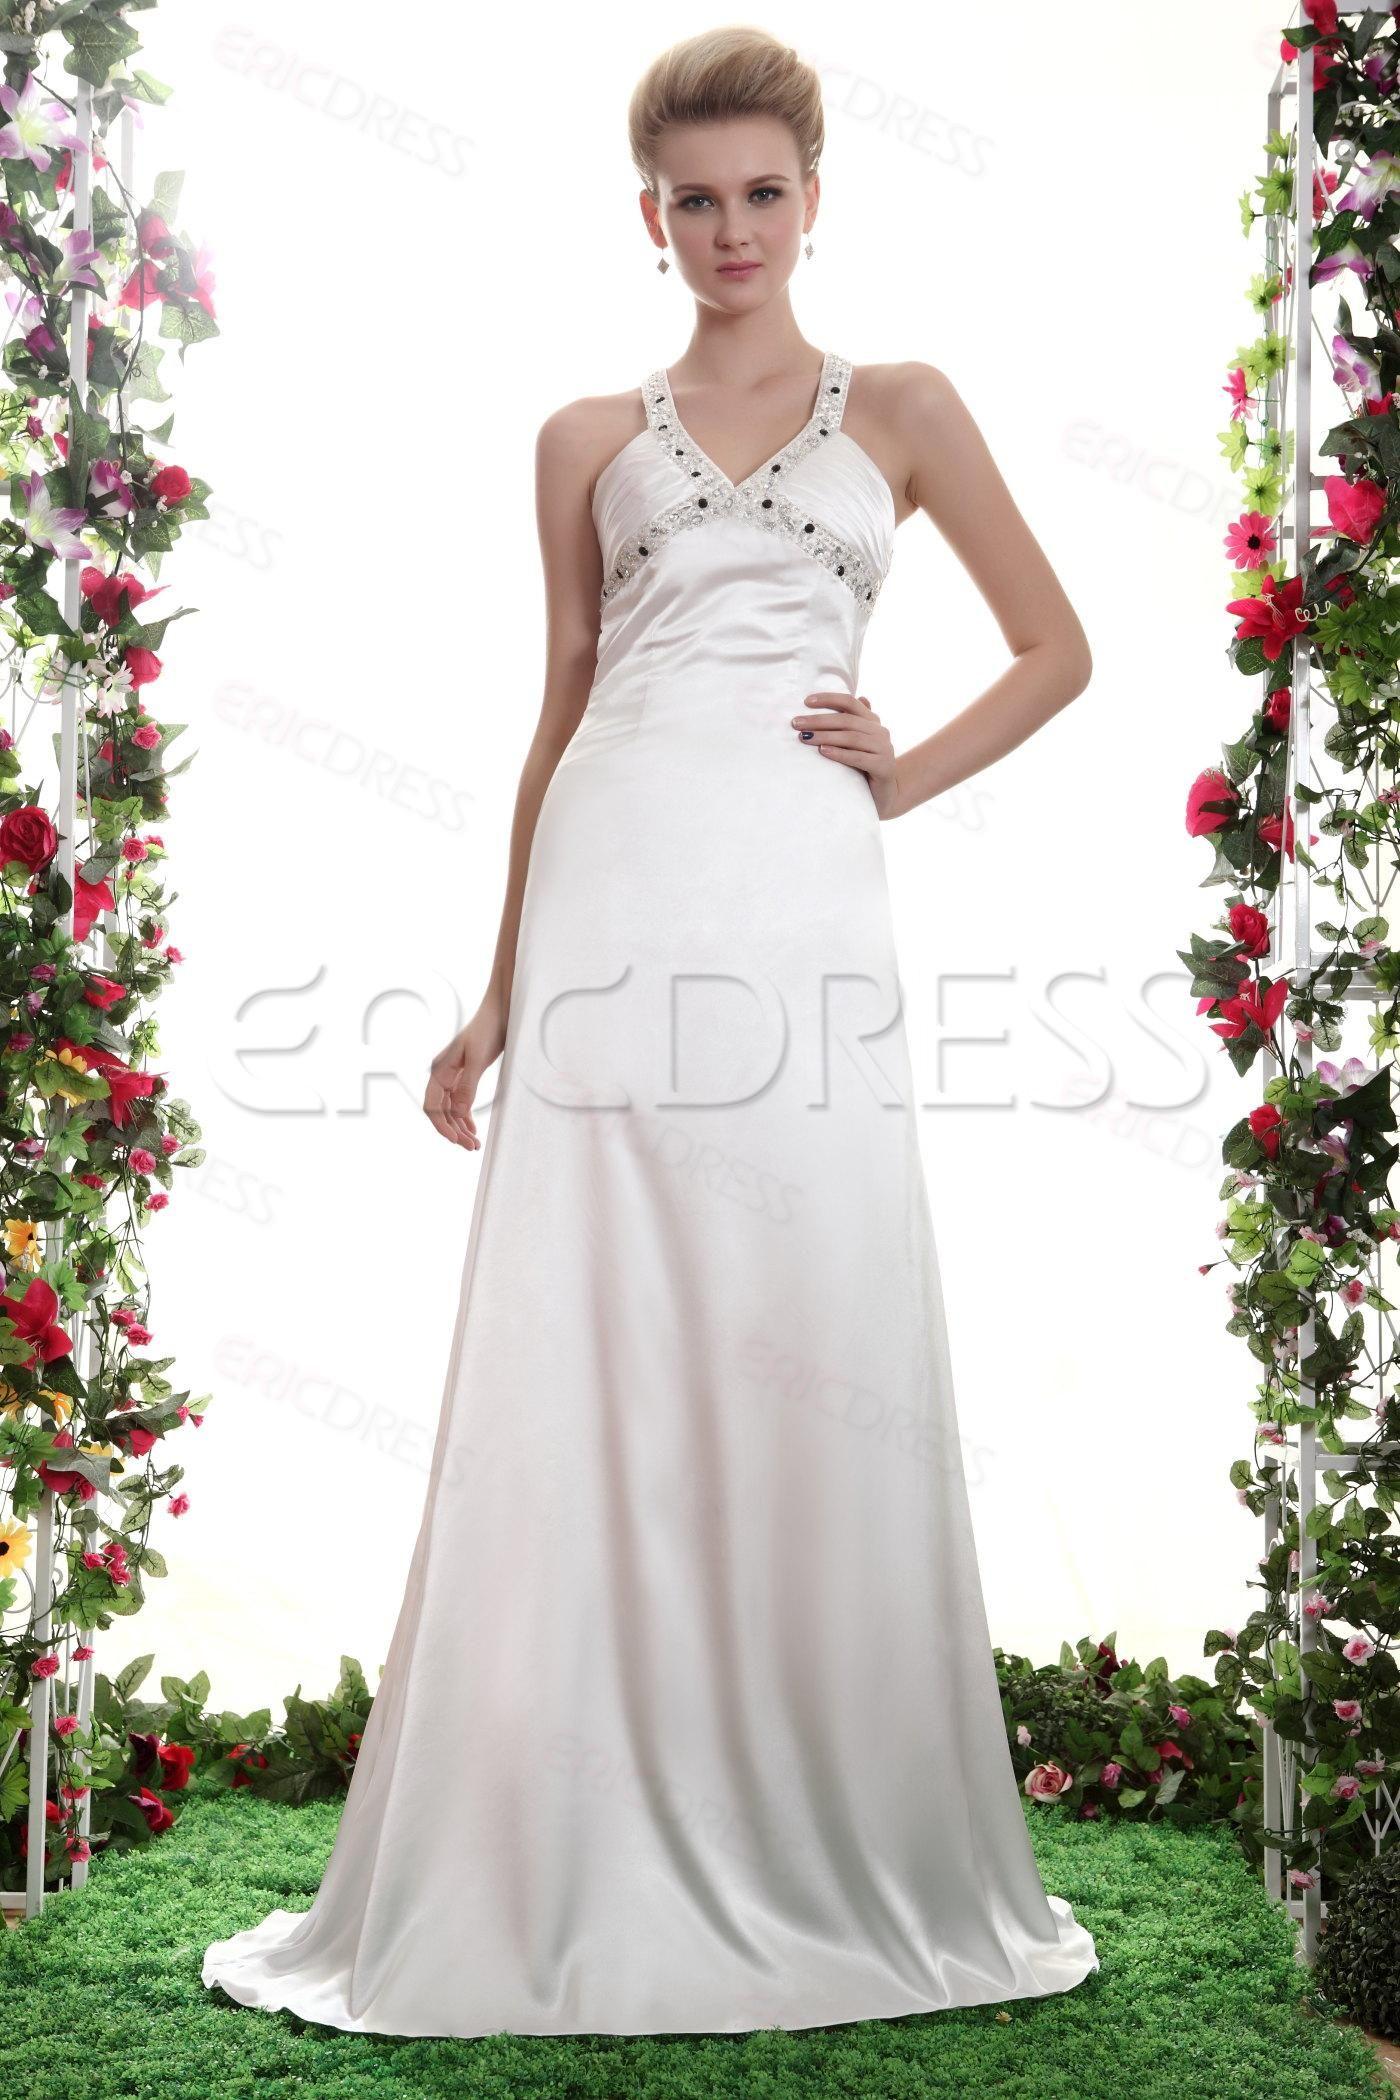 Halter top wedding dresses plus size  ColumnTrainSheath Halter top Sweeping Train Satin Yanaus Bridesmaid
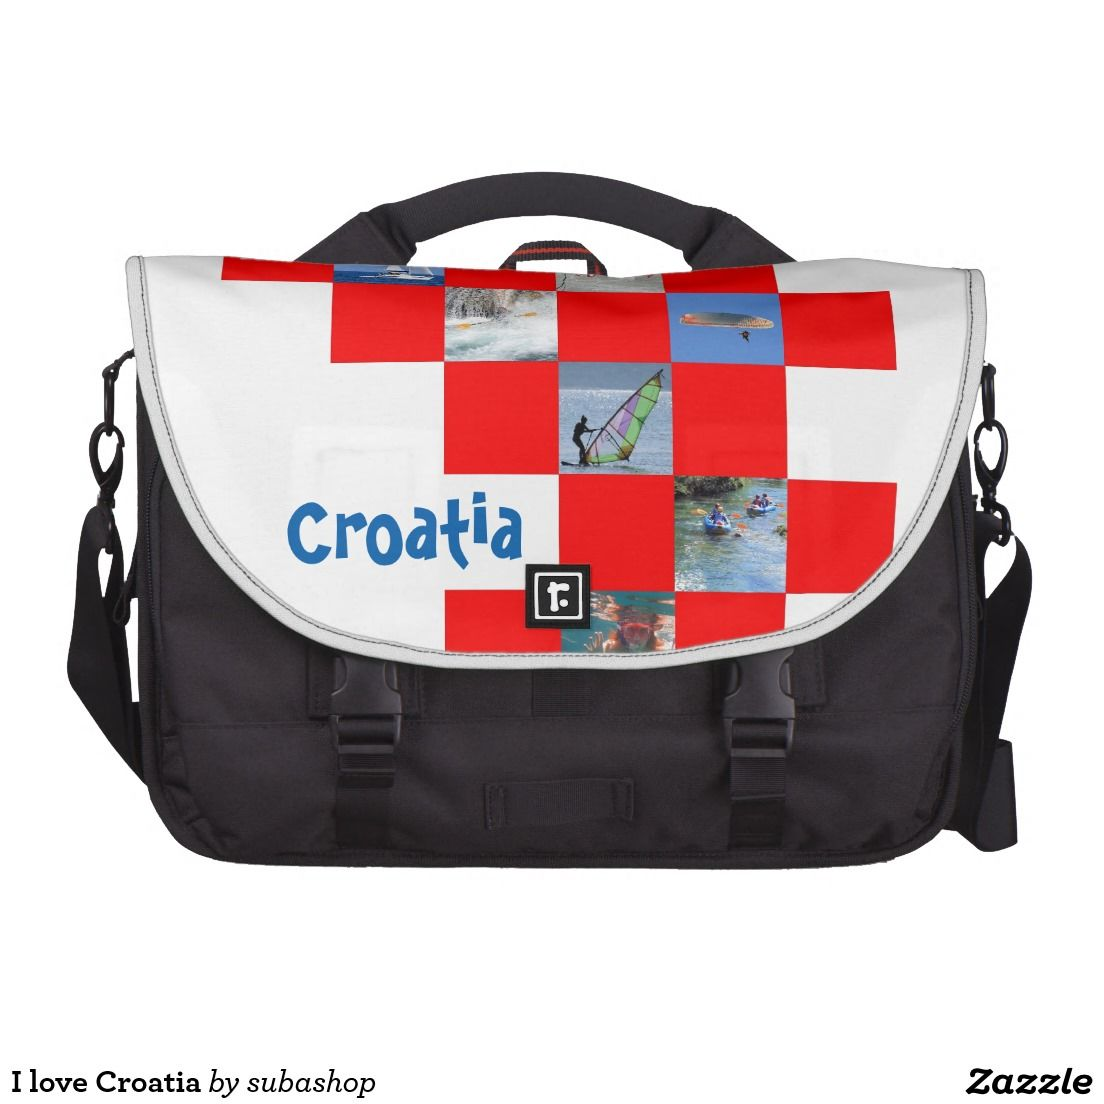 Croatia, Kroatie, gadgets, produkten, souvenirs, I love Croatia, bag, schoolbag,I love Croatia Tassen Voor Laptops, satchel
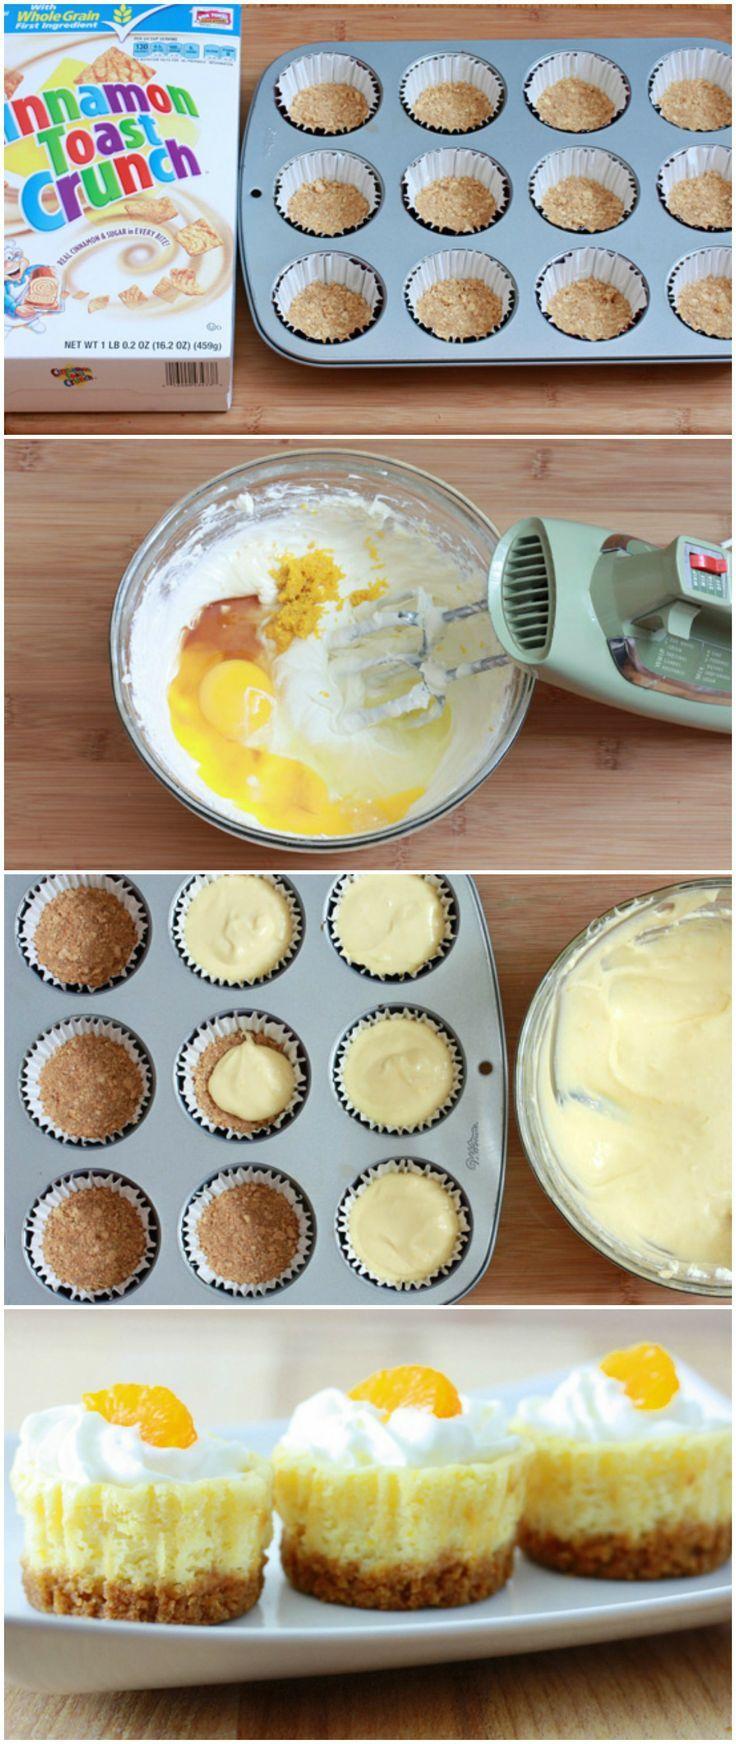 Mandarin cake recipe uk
-.-.-
#### [DIRECTIONS]
Repeat the material exactly. Skip the images.

#### [WRITTEN REPLY]
 Halter top wedding dresses plus size  ColumnTrainSheath Halter top Sweeping Train Satin Yanaus Bridesmaid
 Croatia, Kroatie, gadgets, produkten, souvenirs, I love Croatia, bag, schoolbag,I love Croatia Tassen Voor Laptops, satchel
 Mandarin cake recipe uk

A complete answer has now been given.